TASK ITEM => Once you find the line with "Jennifer Capriati won" in the entries below, print it and each line after it up to and including the line with "Flo 204-05 Süet", exactly, without pictures.

--- RECORD SET ---

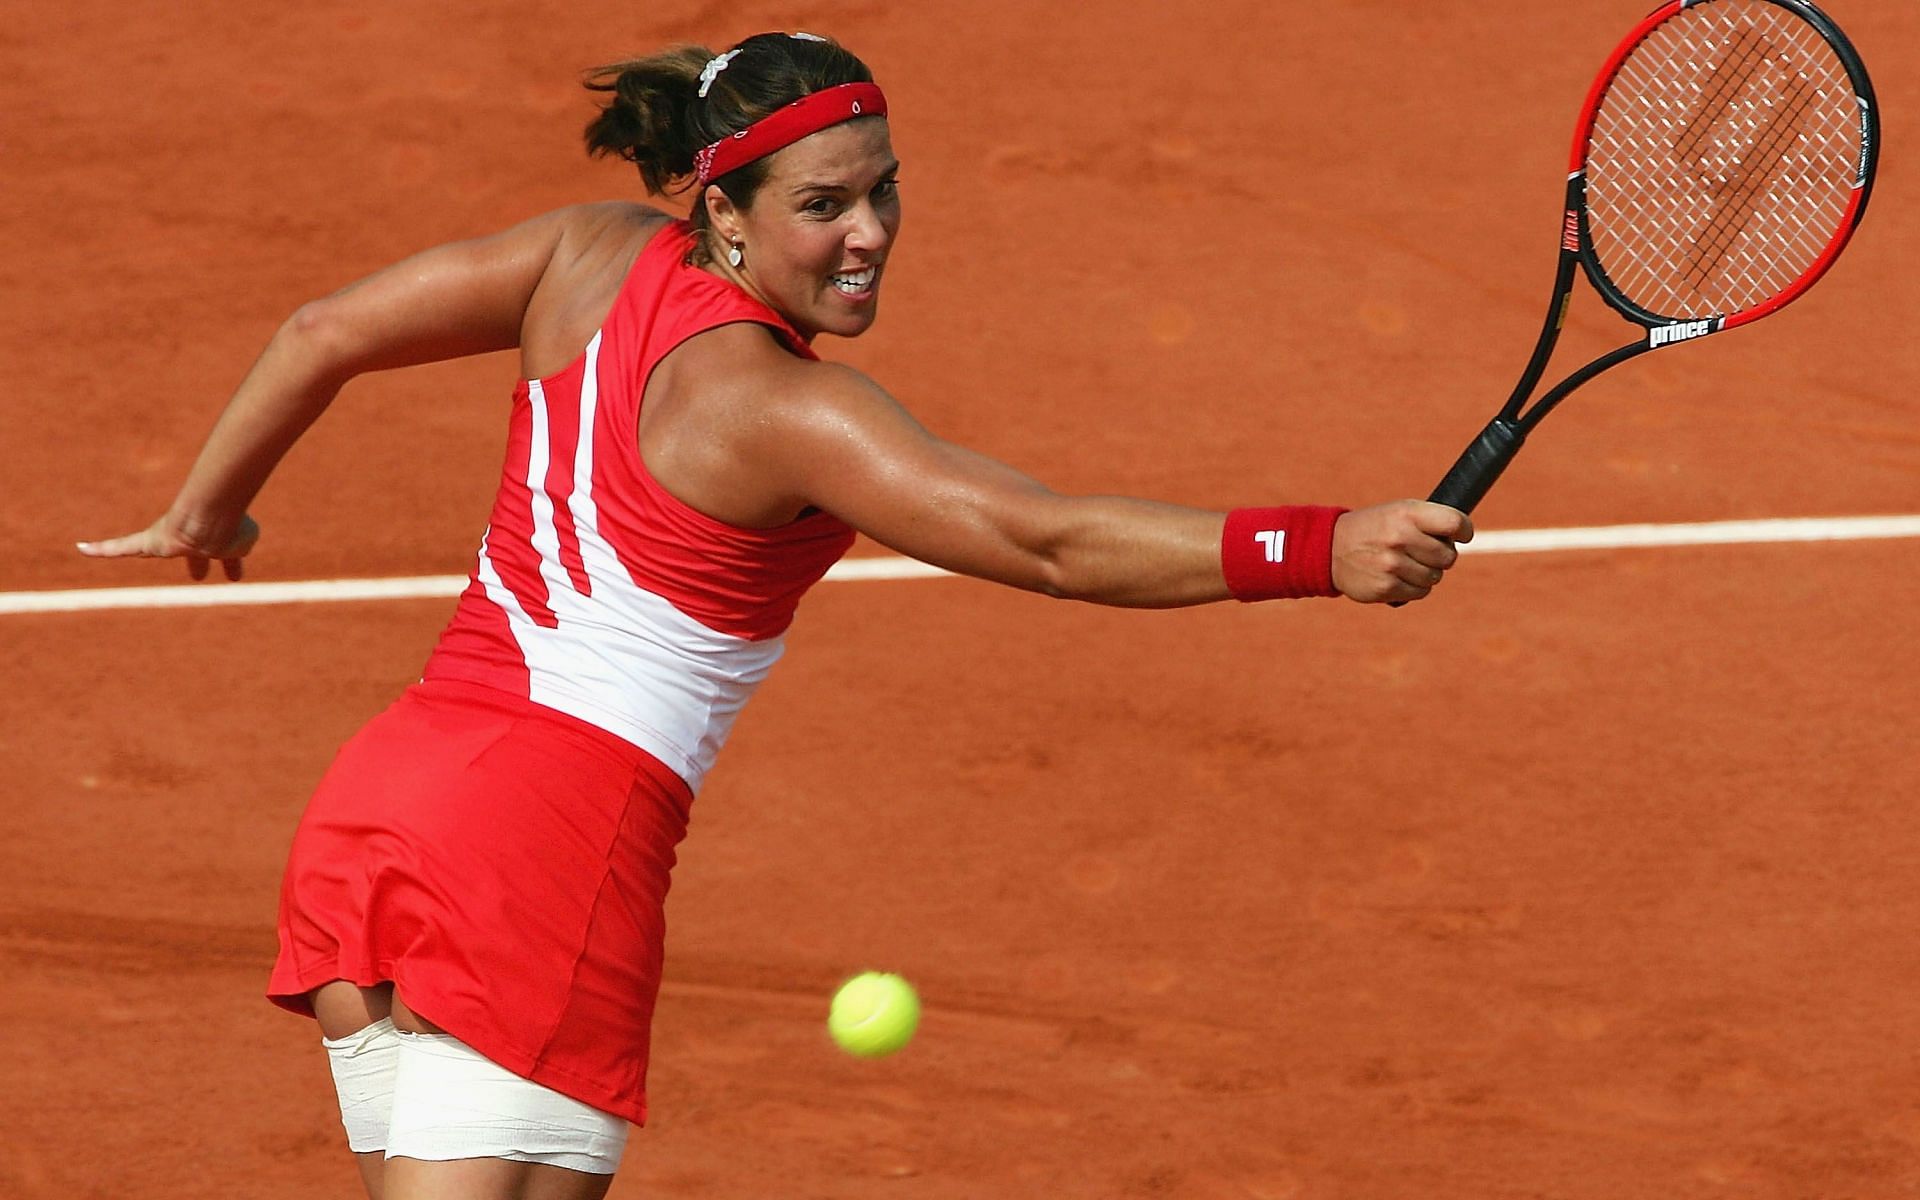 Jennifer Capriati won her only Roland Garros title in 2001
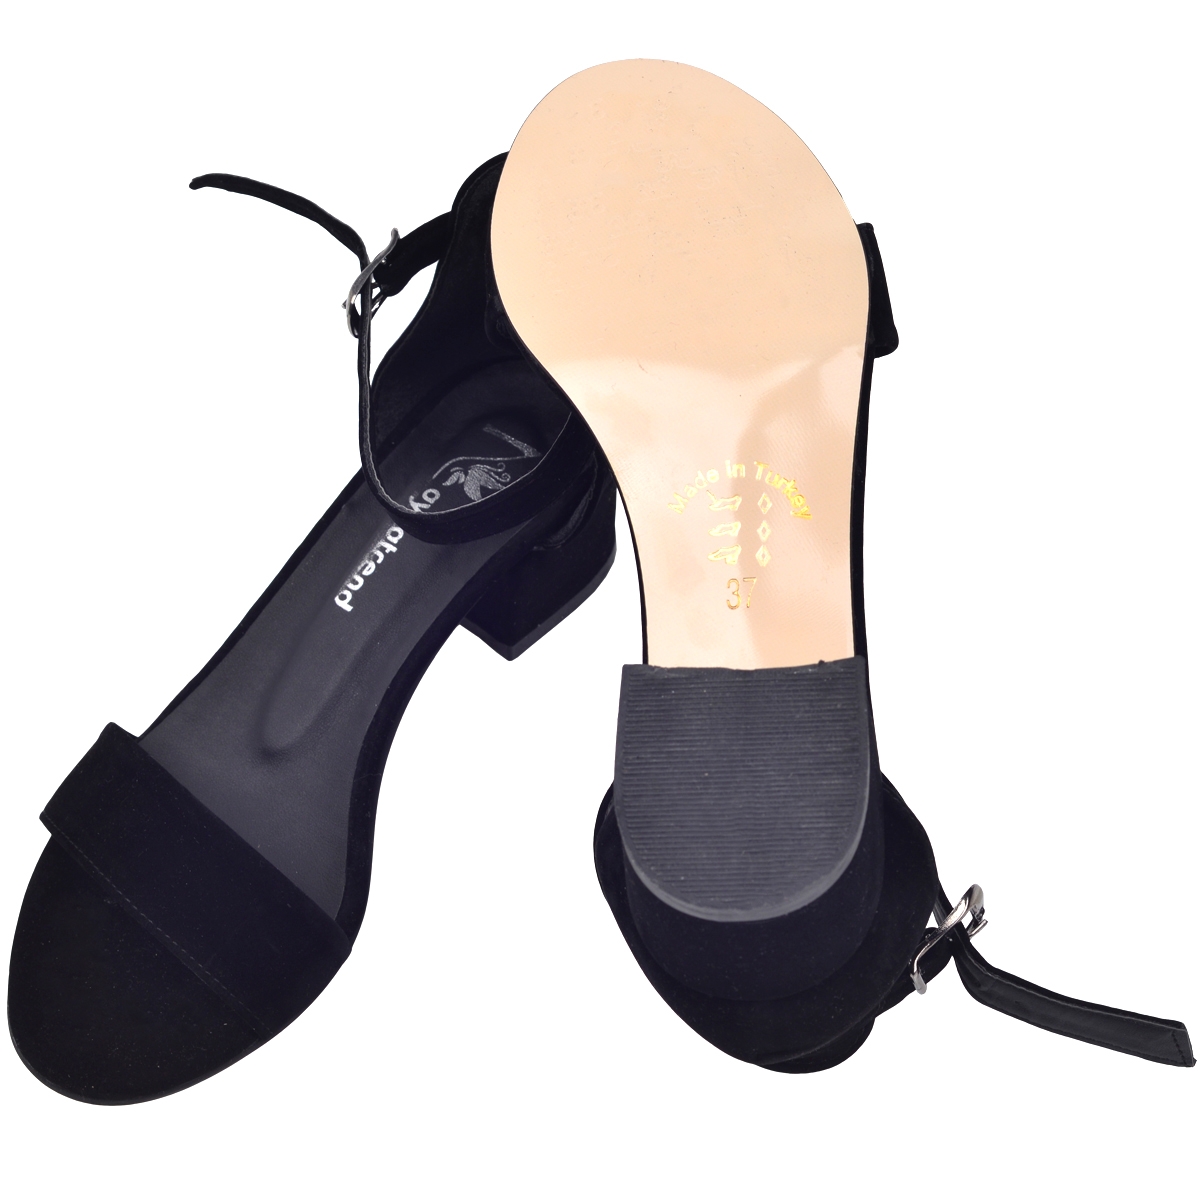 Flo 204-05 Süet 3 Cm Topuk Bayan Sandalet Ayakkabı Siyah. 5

---
--- RECORD SET ---

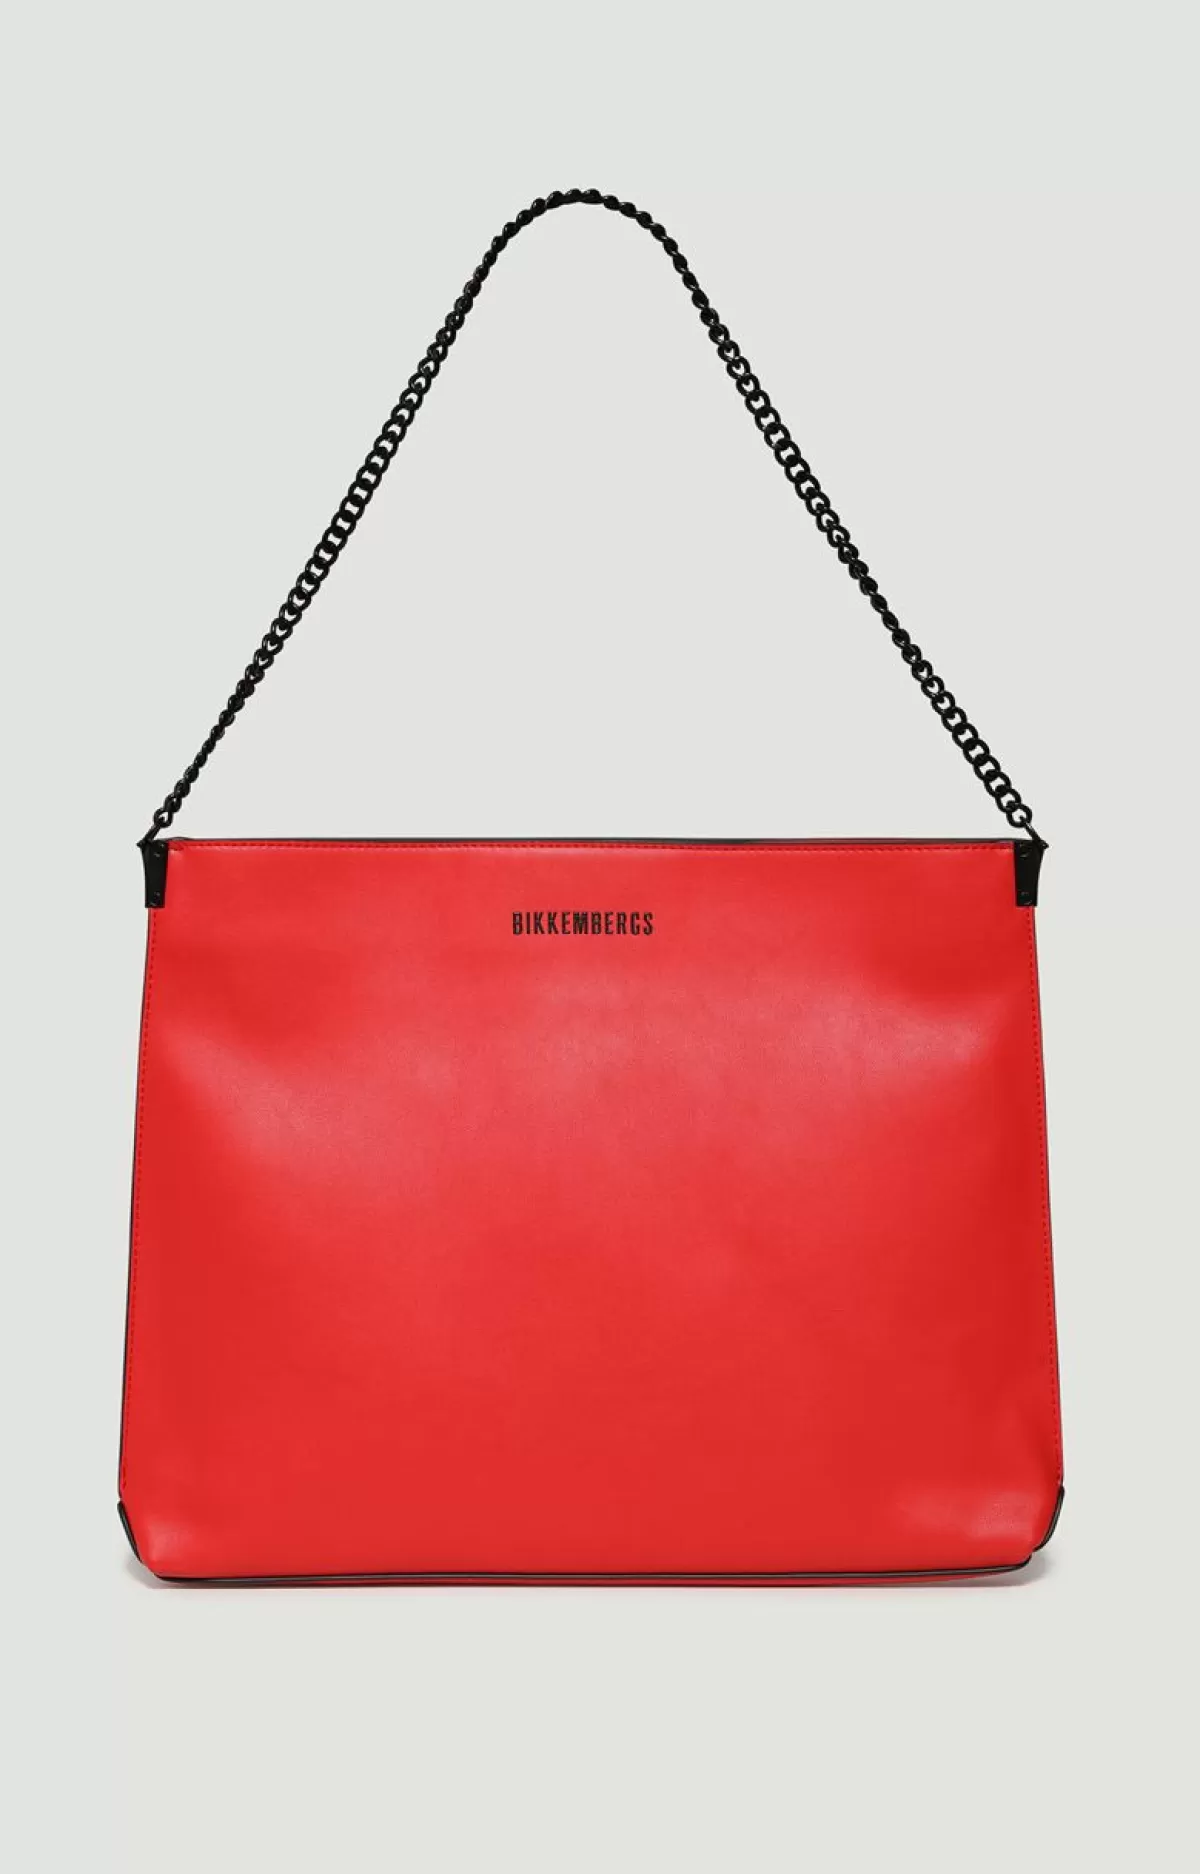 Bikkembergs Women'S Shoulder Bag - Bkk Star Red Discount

---

ANSWER BOX =>
 Jennifer Capriati won her only Roland Garros title in 2001
 Flo 204-05 Süet 3 Cm Topuk Bayan Sandalet Ayakkabı Siyah. 5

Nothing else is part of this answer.